Today’s million dollar question: how many types of gnocchi are there? What’s that? Speak a little louder. Oh, just the potato one? Hmm not quite right. Turns out there’s three. You’ve got Gnocchi Romaine (made from semolina), Gnocchi Parisienne (made from choux pastry) and the aforementioned ‘potato one’ – Gnocchi Piedmontaise. I’ve made the former and latter and could ramble on for a while about the various ins and outs of each one, but a) that would probably send you to sleepy land and b) I want to talk about something else. That something else being this Spinach and Ricotta Gnocchi. I know what you’re going to ask. Please don’t. I haven’t the faintest clue what ‘category’ it fits into. Does the ‘yummy type’ count?
Who wants some light, herby morsels in their tummy? They’re tossed in browned butter and toasted pine nuts too. Now we’re really talking. Pair them with a fresh salad or lightly steamed veg from the local farmers market and you’ve got a delightful summery meal. Is it cold and wintery where you are? Roast up a load of root veg, increase the browned butter sauce and be generous with your parmesan garnish. Total warm your bones material.
The two main ingredients in this gnocchi are…..spinach and ricotta. Duh. Why did I even ask? A little flour and egg is necessary to bind it all together. Prepare the mixture up to a day ahead and refrigerate – it makes for very easy preparation come tea-time. Pop open a bottle of wine and you’re laughing. Let’s get one thing straight though, like it’s other gnocchi cousins this ain’t a dish to be messed with. Unless you want stodgy, gummy bullets you’ve gotta give it some respect.
Now, wringing the living daylights out of your wilted spinach might not seem very respectful, but trust me, this gnocchi is a bit perverted. It likes it. The more liquid you squeeze out, the lighter and fluffier your gnocchi will be. Yes, these babies are cooked in water but a sloppy dough is a baaad sign. Moist is good. Sloppy, not so much.
Handle the mixture lightly – mix the ingredients together gently to avoid overworking the gluten and pushing out all the air. Roll into tablespoon sized balls. Softly, softly. There we go. Give it some love.

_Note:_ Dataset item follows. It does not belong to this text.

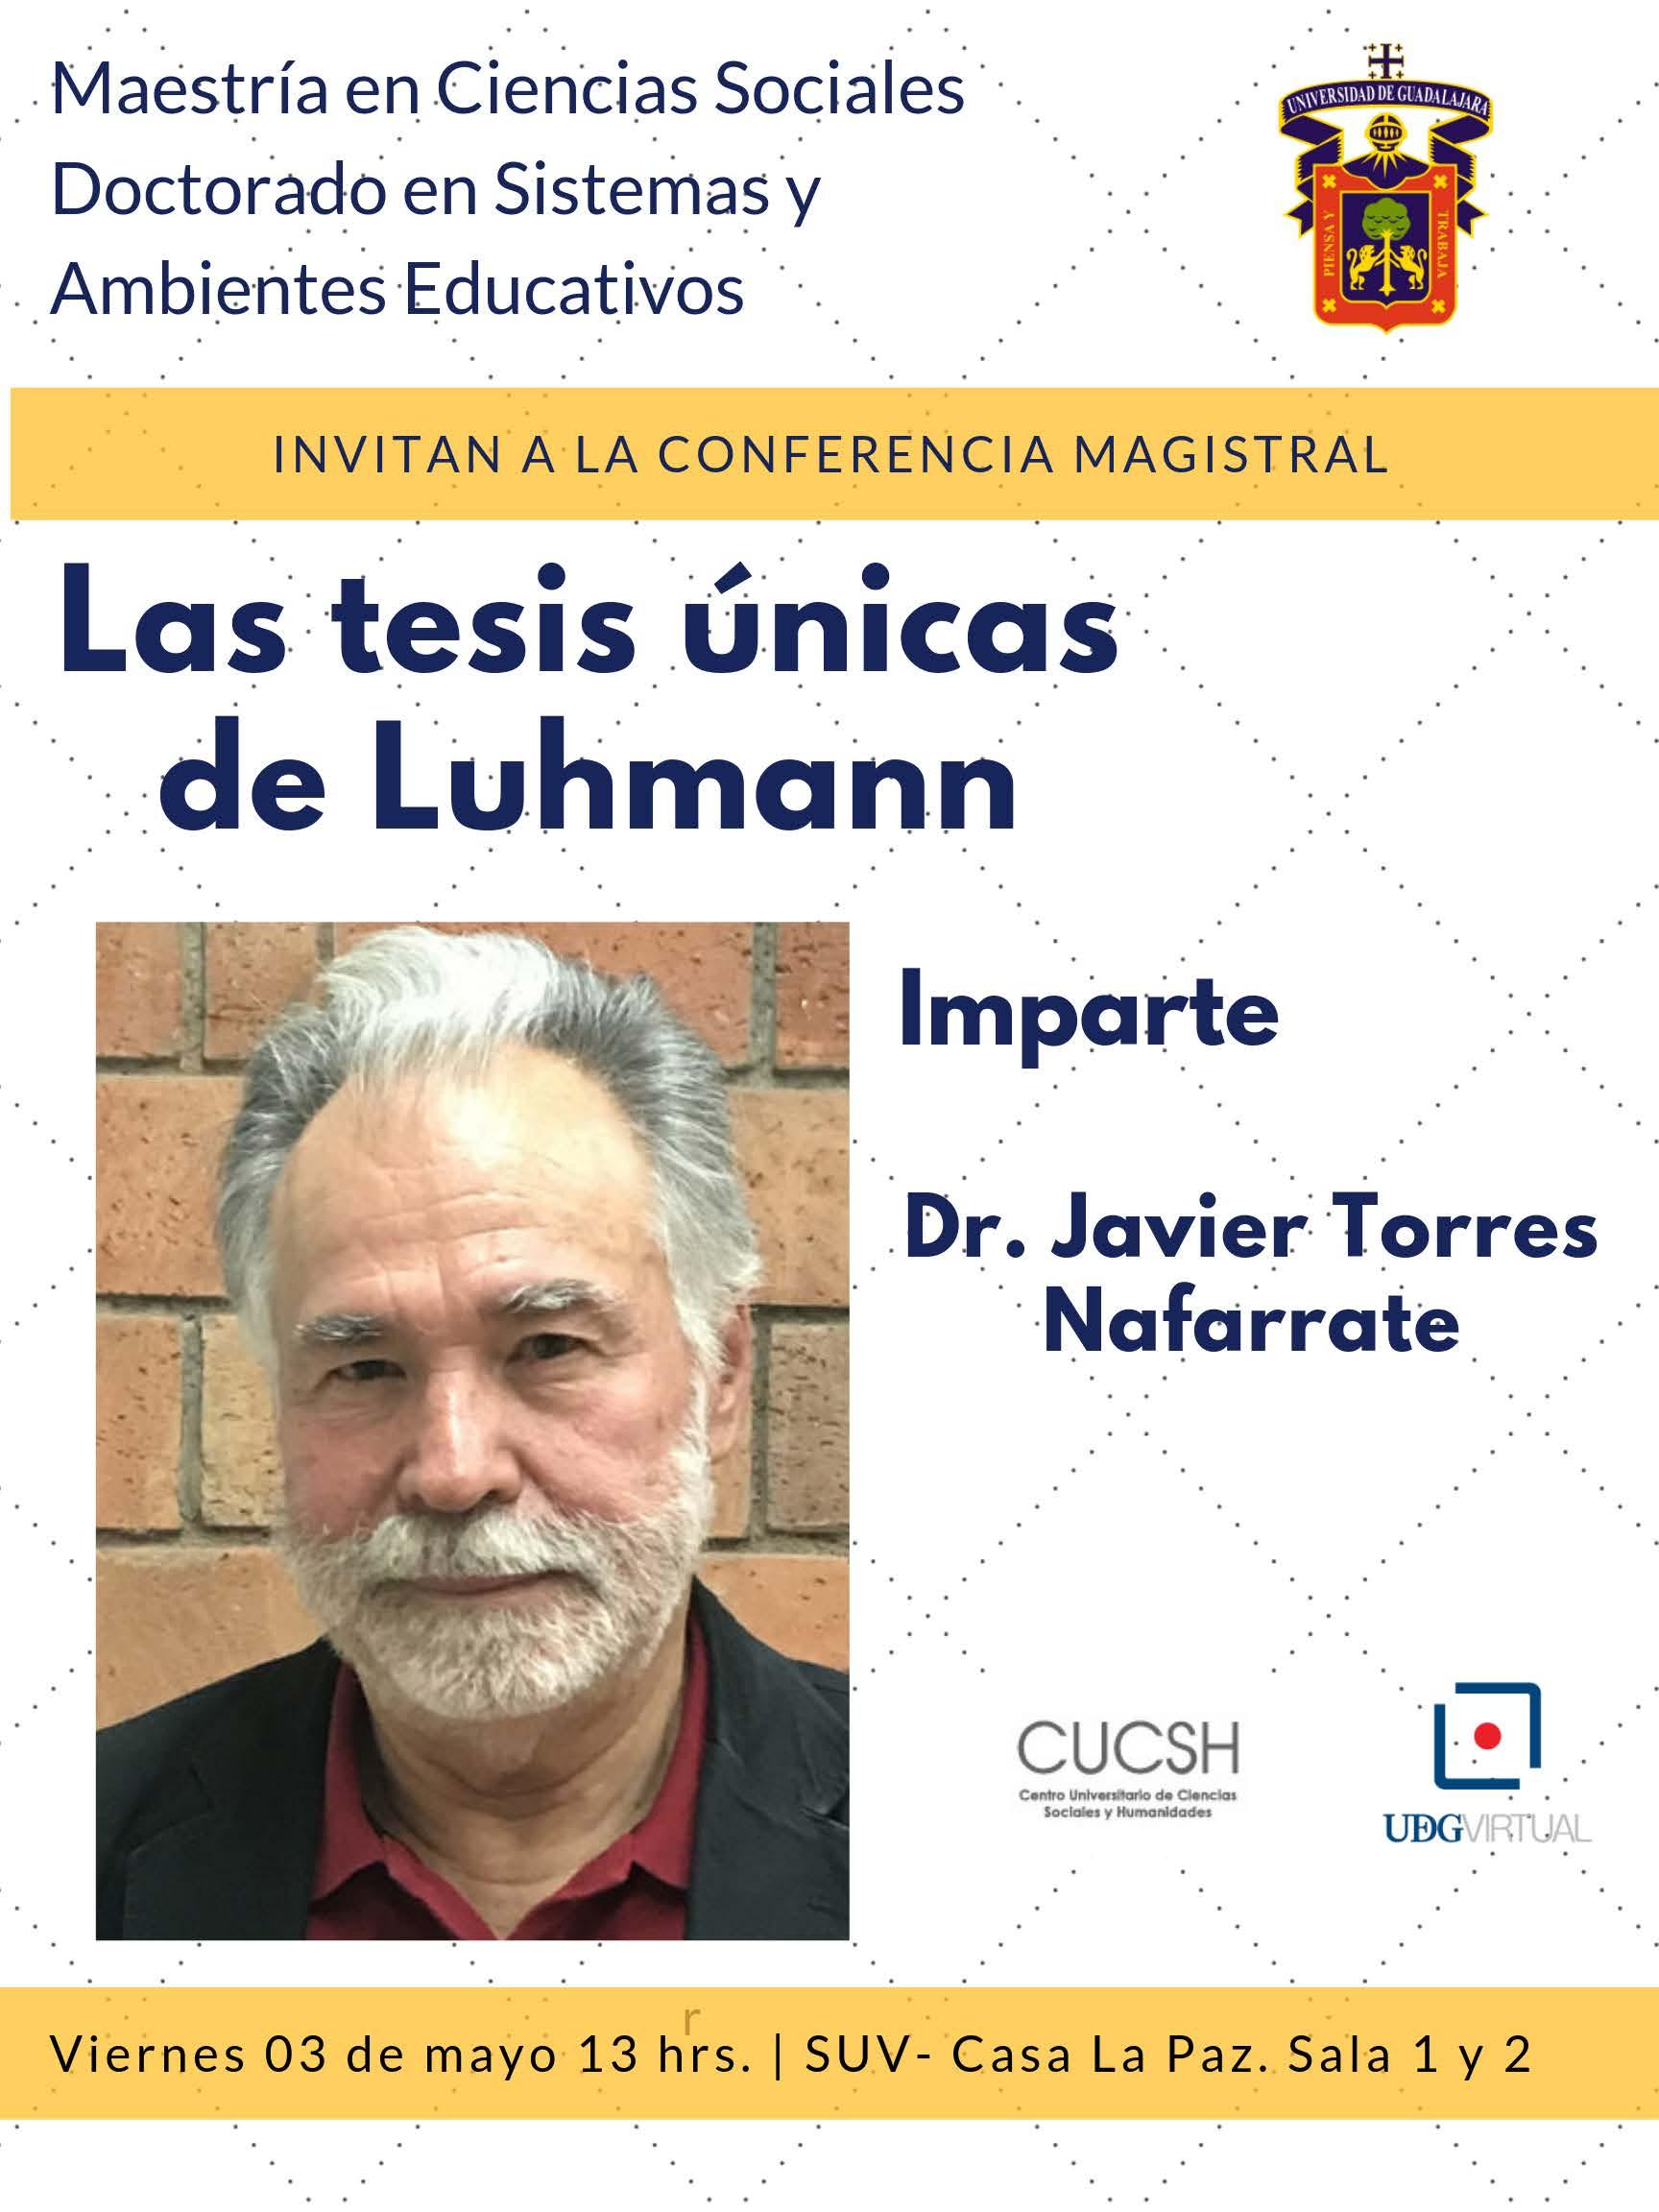 Cartel informativo de la conferencia magistral: Las tesis únicas de Luhmann. Imparte: Doctor Javier Torres Nafarrete. A desarrollarse el 3 de mayo, a las 13:00 horas, en la sala 1 y 2 de Casa La Paz

From there it’s into the fridge and then sliiiiide them (that’s a slow slide, by the way) into a pot of boiling salted water. Where’s that wine? Brown your butter at the same time – if you’re a brown butter virgin, never fear, the details are in the recipe below. Out of the water, a quick pat dry and into the frying pan they go. Ta da! You’ve just made gnocchi. The scrummy kind.
Spinach & Ricotta Gnocchi
6 garlic cloves, unpeeled
20g fresh herbs, finely chopped. Parsley, basil, thyme & rosemary work well.
225g baby spinach leaves
250g ricotta cheese
1 egg yolk
½ tsp finely grated lemon zest
Good grind of black pepper
Large pinch of sea salt
40g parmesan cheese, finely grated
37g (1/3 cup) plain flour, sifted flour
2 tbsp pine nuts, toasted
Shaved parmesan cheese to serve
Rinse the spinach under cold water and gently shake off the excess droplets. Place a frying pan over medium heat. When hot, add the spinach and sauté for approximately 1 minute or until wilted. Remove from the pan and set aside to cool.
Meanwhile, bring a small pot of water to the boil and add the unpeeled garlic cloves. Cook for four minutes, remove the cloves, peel and put through a garlic crusher. Use a fork to mix the crushed garlic with the finely chopped herbs and lemon zest.
In a medium sized bowl beat the herby-garlic mixture into the ricotta. Season with salt and pepper and beat in the egg yolk.
Squeeze as much water as possible out of the spinach – really wring it – and finely chop. Stir though the ricotta mixture until well combined. Now gently stir though the parmesan cheese and sifted flour until the flour is just incorporated. The mixture should be moist but not gluggy.
Take scant tablespoonful’s of the mixture and gently shape into balls using the palm of your hands. Place on a baking tray or large plate. Repeat until all the mixture is used, leaving a small space between each ball – you don’t want them to stick together. Refrigerate for at least thirty minutes, and up to a day.
Bring a large pot of salted water to a rolling boil. Gently lower the balls into the water. Cook for approximately 4 minutes or until the balls rise to the surface. While the gnocchi are cooking brown your butter. Pop the butter into a frying pan (large enough to fit the gnocchi) and set over a medium heat. Leave to melt until the butter stars to ‘pop’ and turns a light amber colour. Remove the pan from the heat.
Once the gnocchi are cooked, use a slotted spoon to transfer them to the frying pan containing browned butter. Toss gently to coat.
Serve immediately, topped with a scattering of pine nuts, a good grind of black pepper and sea salt and shaved parmesan cheese.